═════ Given data ═════

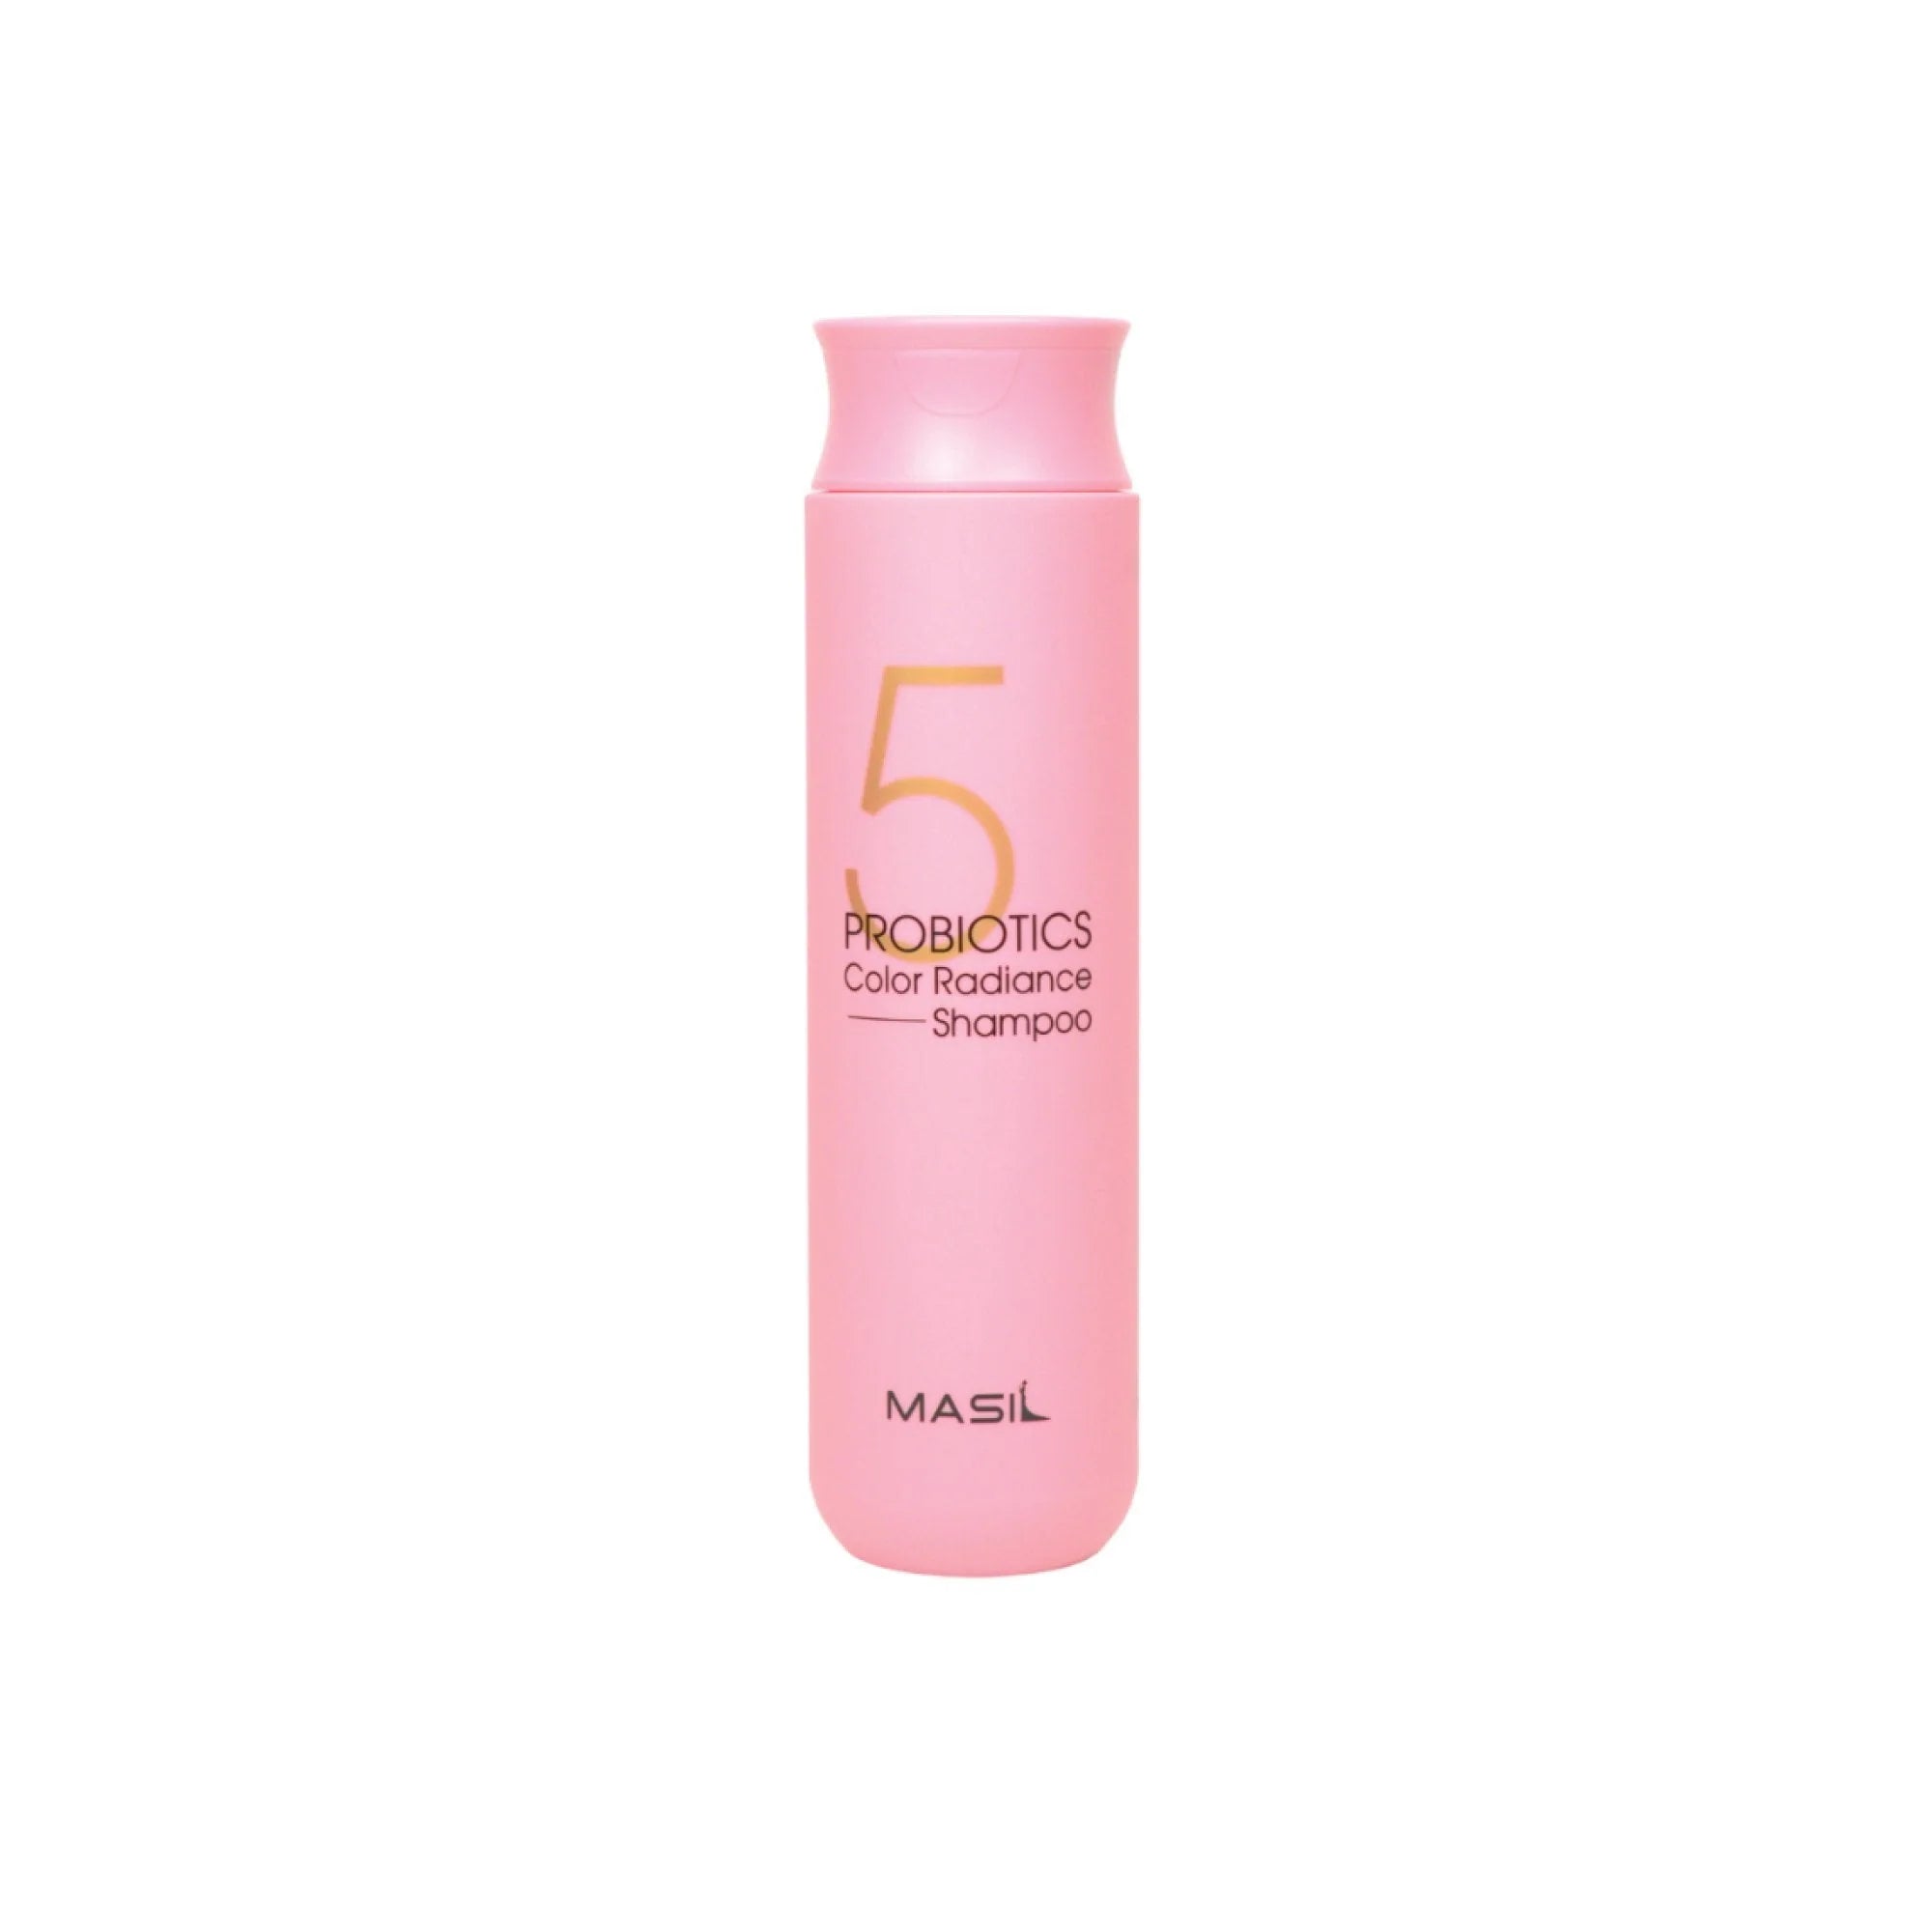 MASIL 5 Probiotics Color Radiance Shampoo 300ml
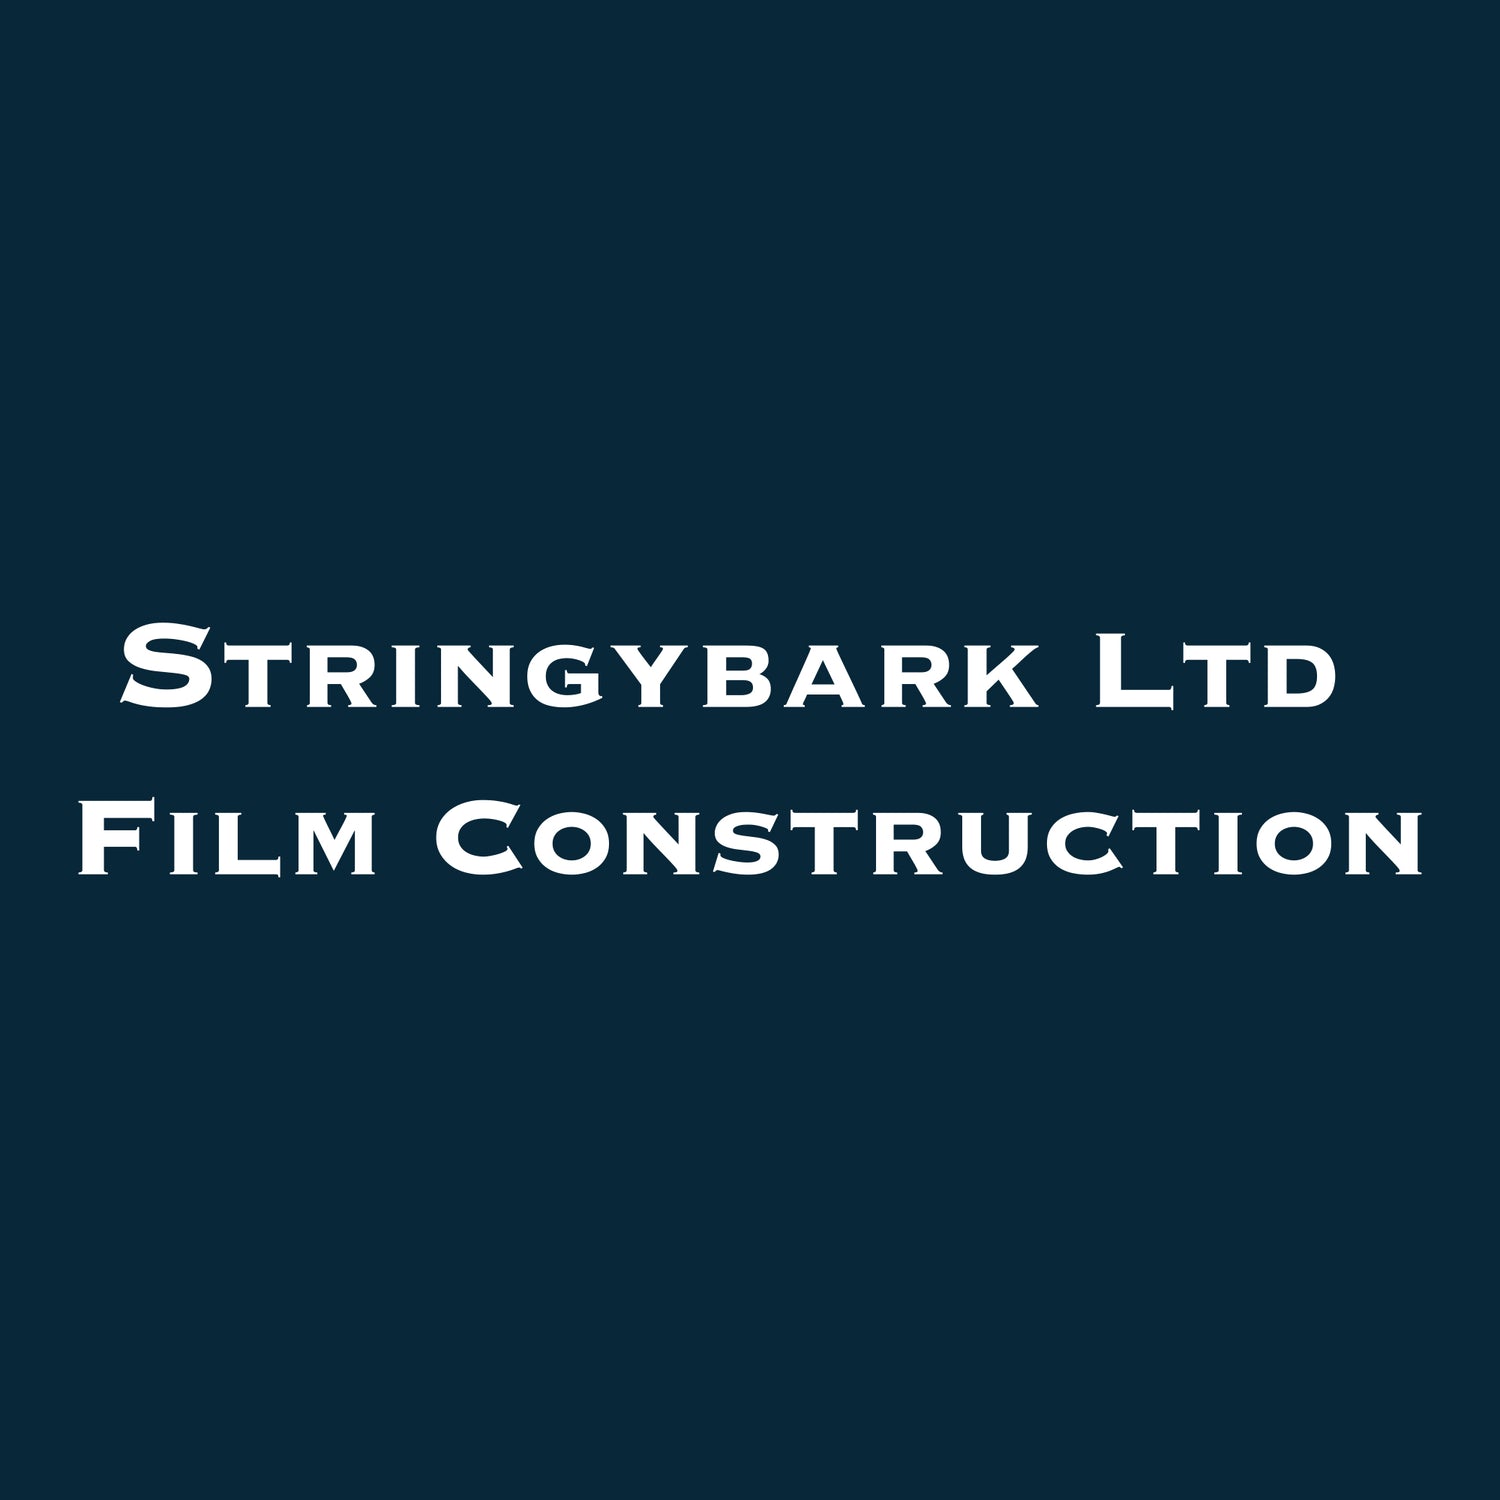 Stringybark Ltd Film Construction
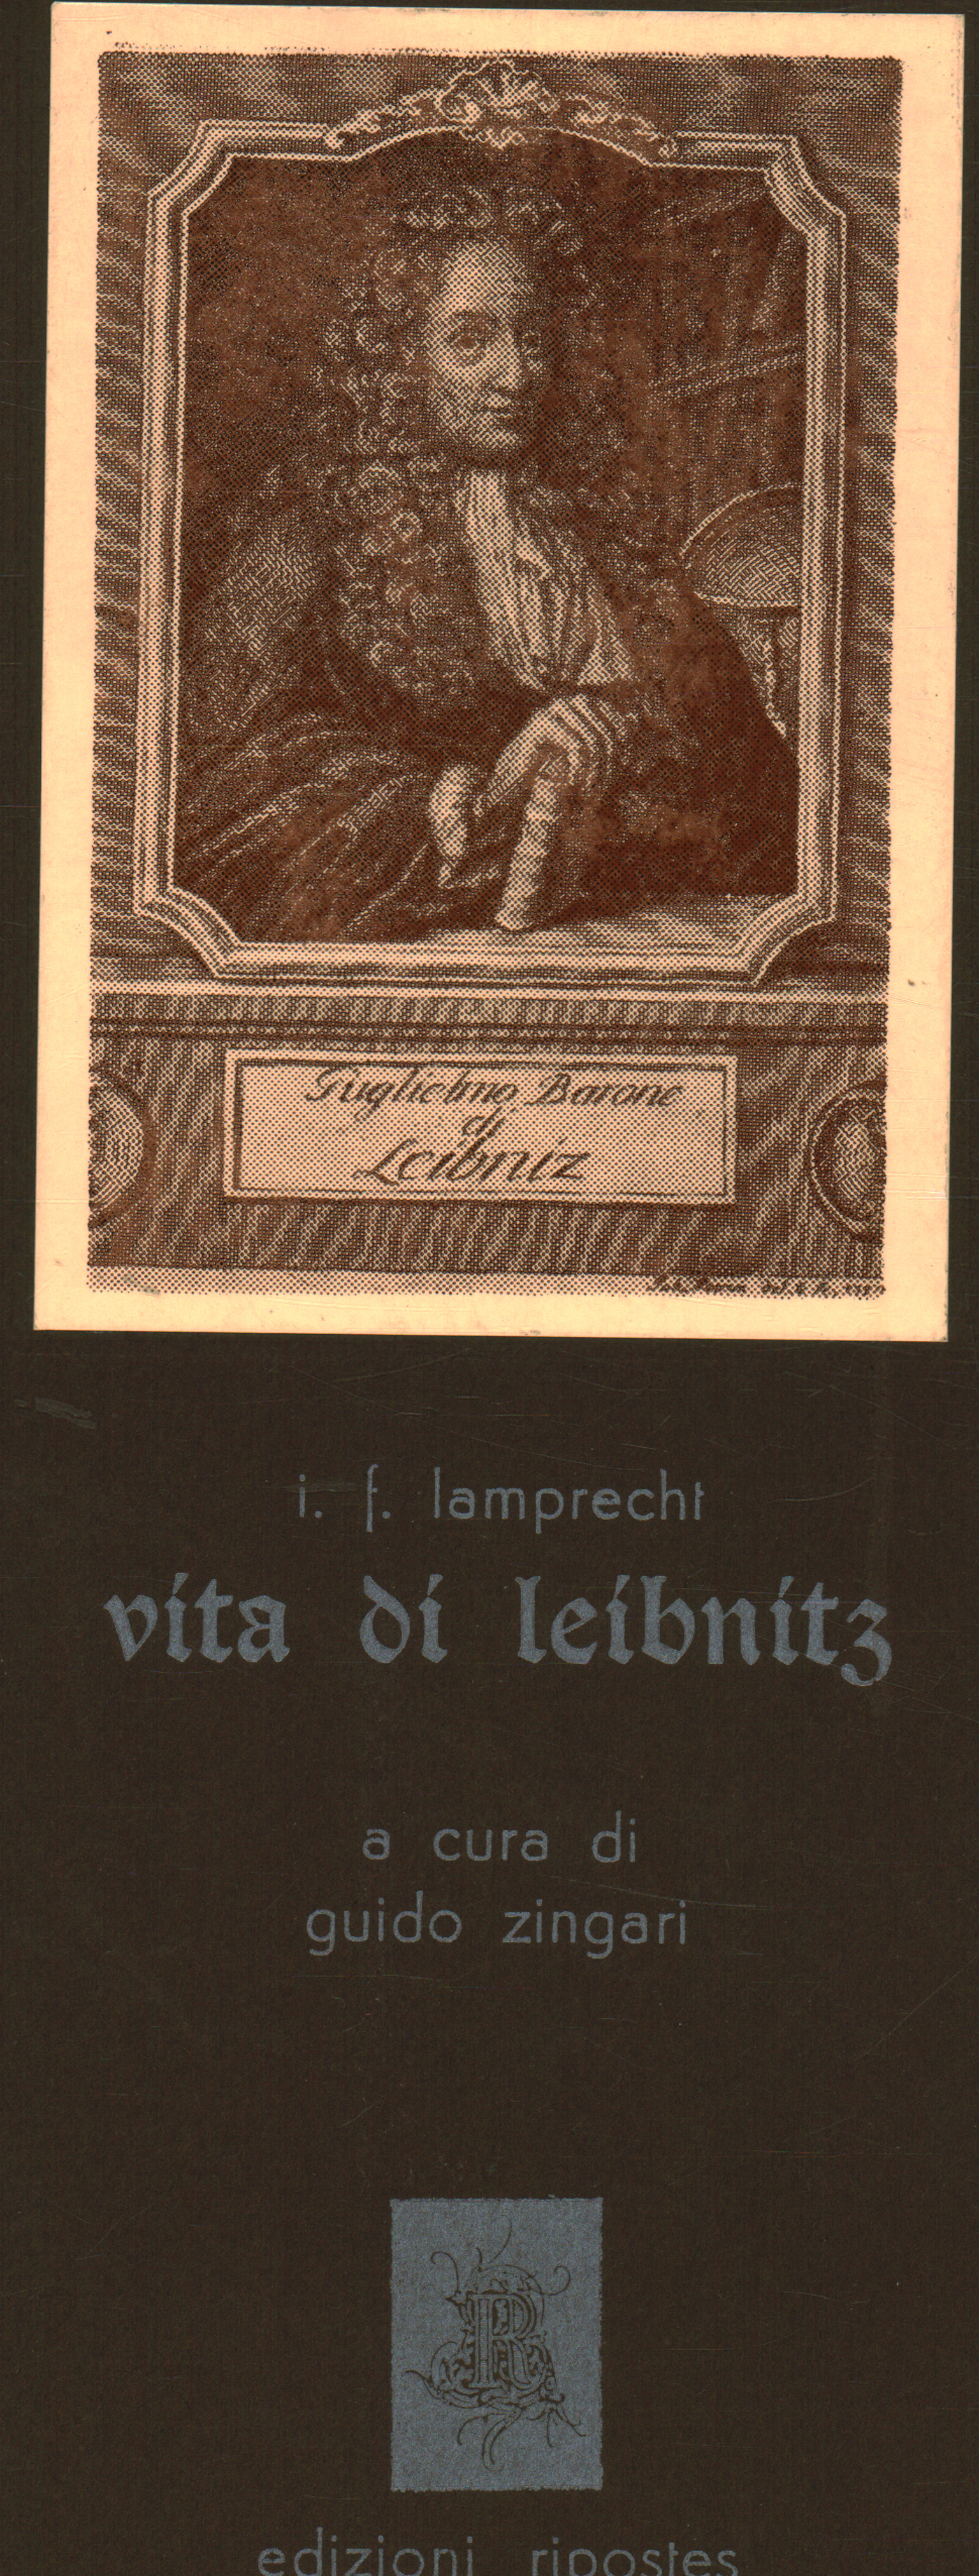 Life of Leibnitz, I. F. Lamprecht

═════

# Task statement:
A word-for-word copy of the listing is needed, with no pictures in it.

# Output:
 MASIL 5 Probiotics Color Radiance Shampoo 300ml
 Stringybark Ltd Film Construction
 Life of Leibnitz, I. F. Lamprecht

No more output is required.